This student took notes throughout the text, but half of his statements (italicized) could not be reconciled directly with texts that he read. He seemed to view the task of giving his opinion as being dissociated from getting evidence from the text to support that opinion. The first statement is a clear thesis statement; the following statements do support that thesis. However by the eighth statement ("The US government reacted"), he becomes vague and speaks in generalities, ending in confusion. This may be because he lacks experience with writing coherent texts using an argument structure or he is still confused by the contradictory texts and has not yet examined the evidence to form an opinion.

As might be expected, those who wrote descriptions tended to stay closer to the readings. These students provided few evaluative statements. An example would be that of student #28.

(1) The Tonkin gulf incident occurred due to a series of events such as the first battle 
in which the Maddox was legitimately involved in (due to the attack made 
by the North Vietnamese). (2) The second battle which some feel never really 
happened because no one actually saw any PT boats, also had a large effect on 
the Tonkin gulf situation. (3) It led to Congress passing of the Tonkin gulf Resolution, 
the retaliatory acts wanted by the Sec. of Def. and other officials that were allowed 
by President Johnson. (4) These things combined led to the N. Vietnamese feeling 
that war would occur in the South and moved troops down the Ho Chi Minh trail, 
resulting in what would possibly be interpreted by US officials as aggression. 
(Numbers added)

Statements 2 and 3 were supported by three references in the text apiece; the fourth statement by a section in "The Tonkin Gulf Crisis," the last text read. This student took copious notes; however, very few of the 42 annotations were actually used in this short essay.

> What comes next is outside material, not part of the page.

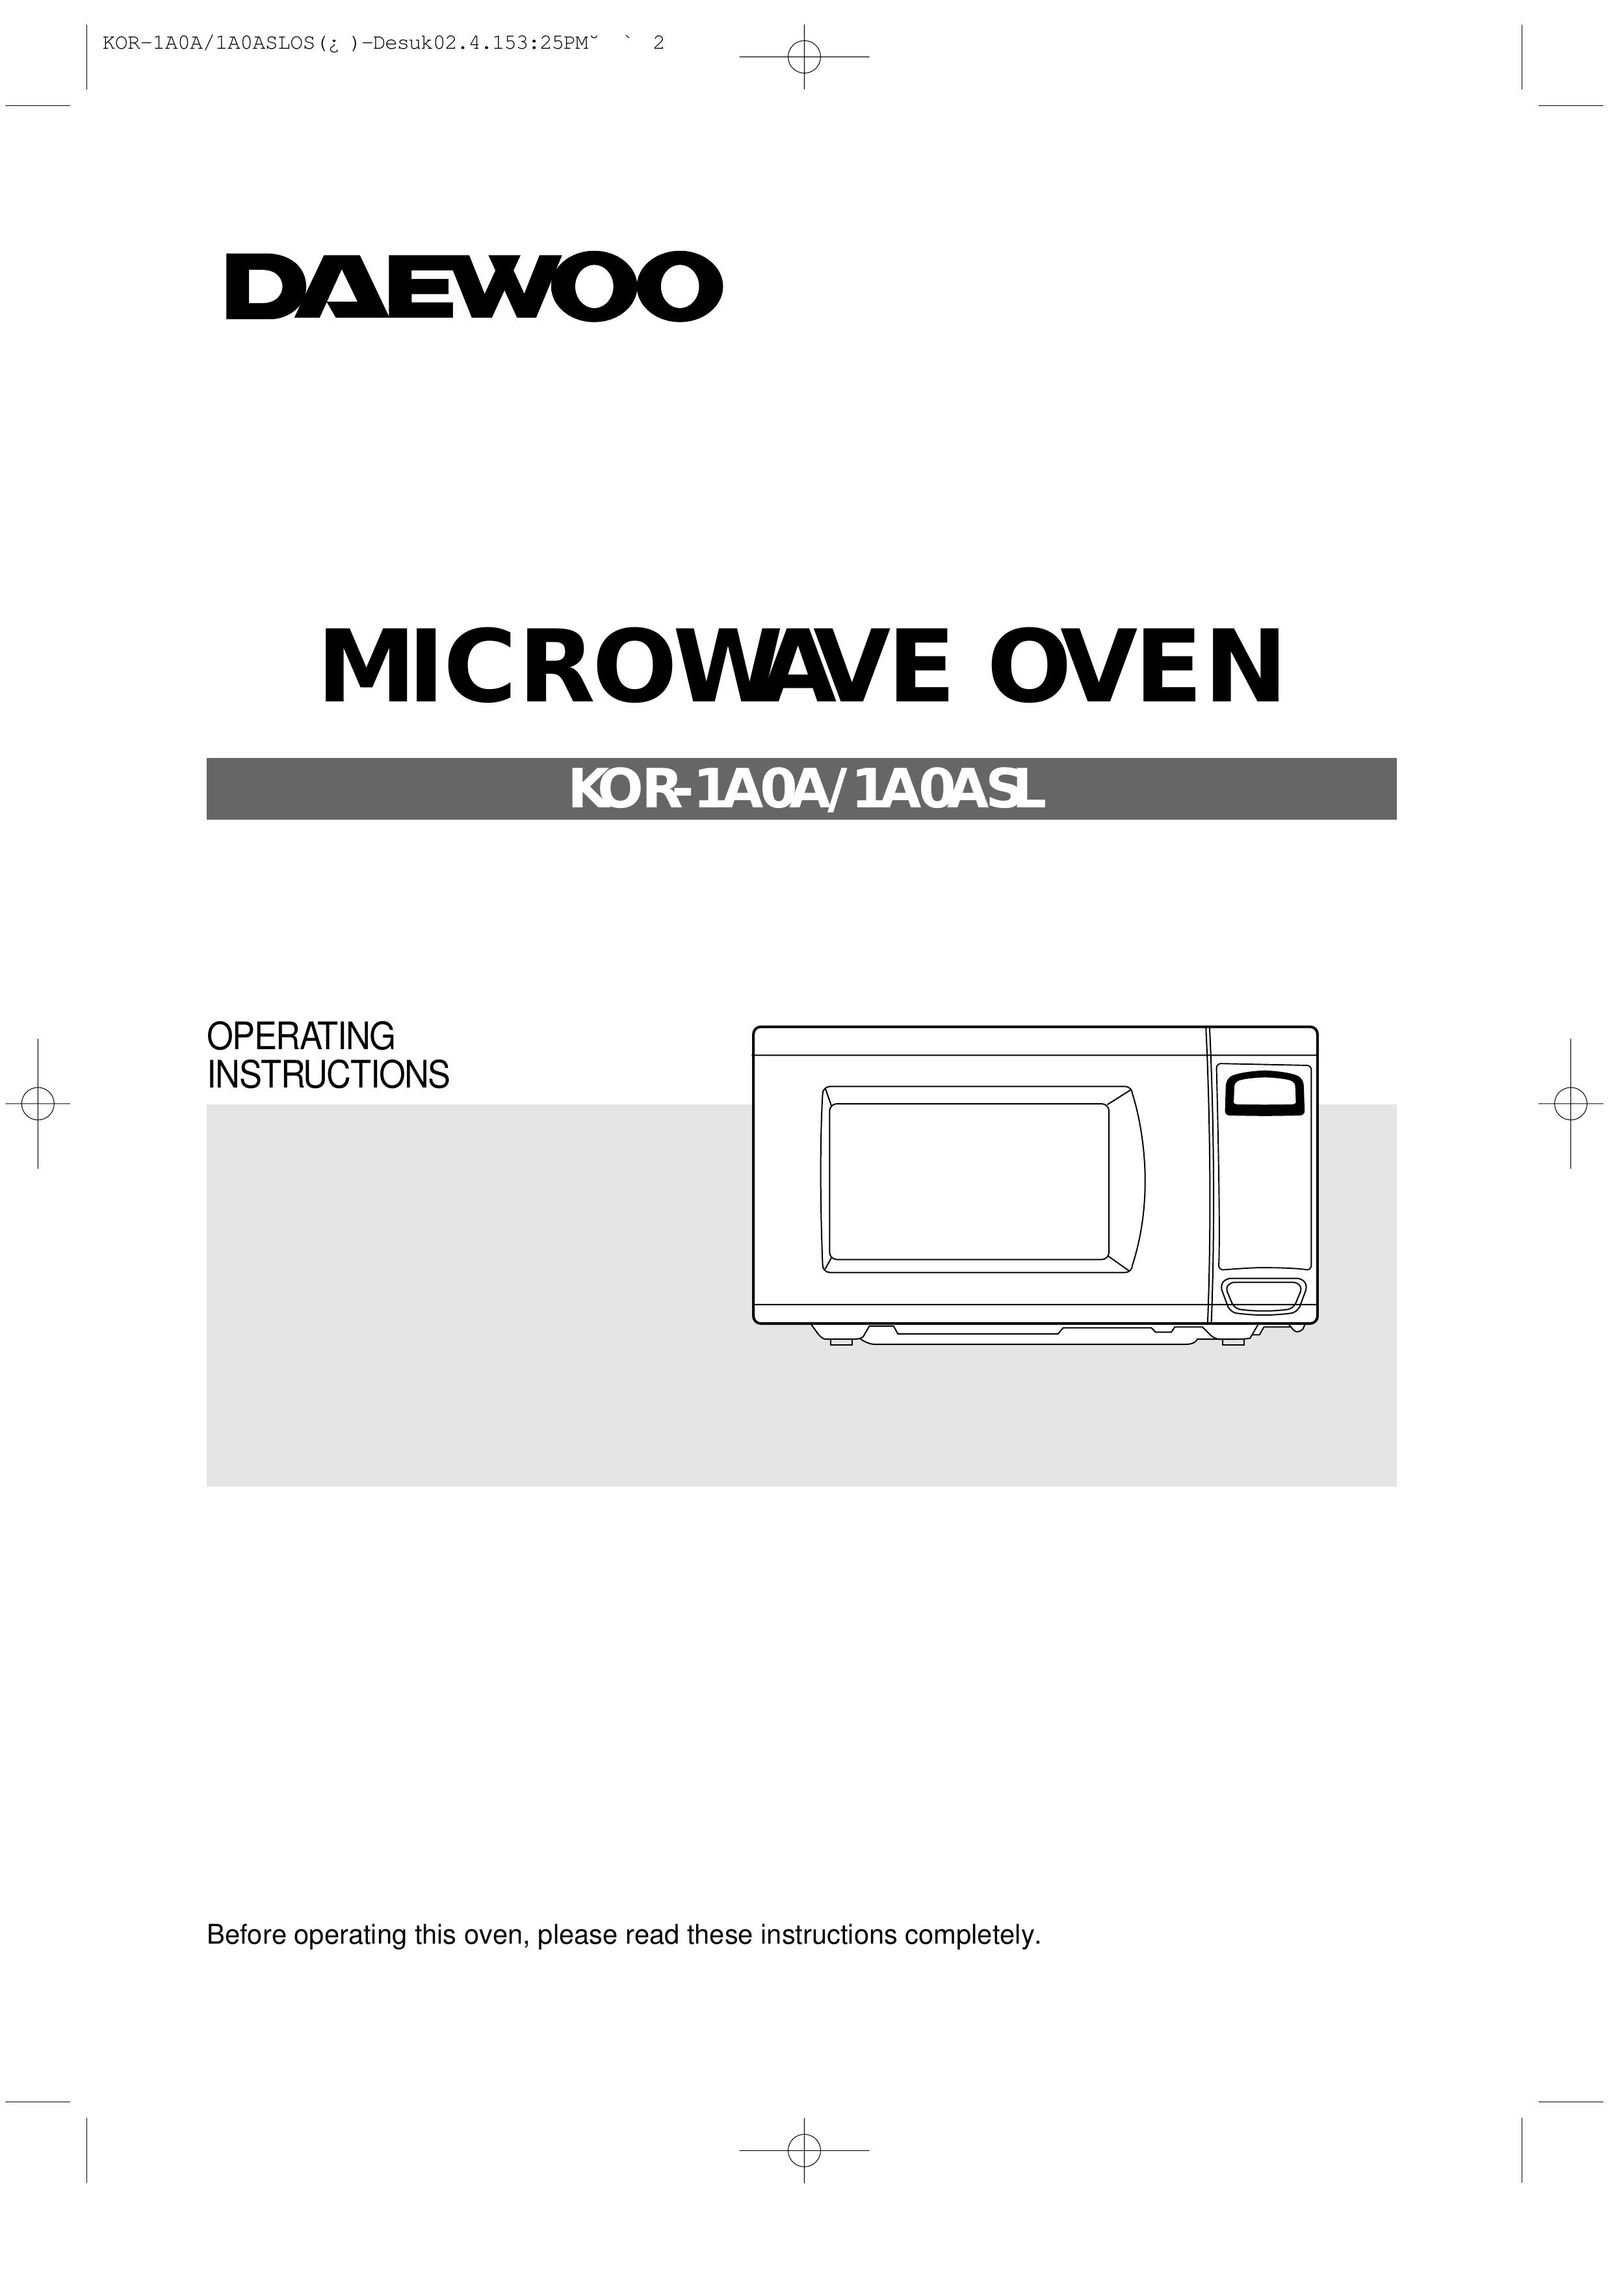 Daewoo 1A0ASL Microwave Oven User Manual

Integration. Students did appear to use more than one source of information in forming their final essays, and they engaged in rearranging ideas from single texts as they wrote. To examine how students integrated information across texts, two analyses were conducted. First, each statement in the text was categorized as to whether it had one source in the readings or whether the idea could be found in multiple readings. (This may have overestimated the number of statements classified as coming from multiple readings, since an idea was categorized as coming from multiple readings whether or not that idea appeared in the student's notes in two places.) Students who were asked to write an opinion tended to use more ideas that came from multiple texts (64% of statements) than students who were asked to write a description (40% of statements). Students who were asked to write descriptions used more ideas that could only be found in a single text (55% of statements) than students asked for opinions (10% of statements).2

Next to be considered was the ordering of ideas in the texts read and in the final product, using only those ideas that could be identified with a single text. The order of the statements in the final products was compared with the order of those statements in the texts the students read, in the order in which they read them. Kendall's Coefficient of Concordance (W), a measure of interrater reliability, was used to compare the different orderings. If students had merely written ideas from the texts in the order in which they were presented, the mean Coefficient of Concordance would have been 1.00. However, the mean of the total final essays was .76, and the range was between .38 and 1.00. Most of the participants made little or moderate change in how the texts were used in the essay compared to how they were read. Only 2 of the 19 students made drastic reorganizations. There was essentially no difference in the coefficients of the students who were asked to write descriptions and those who were asked to write opinions. The essays from both groups were coherent in that they had discernable beginnings, middles, and endings.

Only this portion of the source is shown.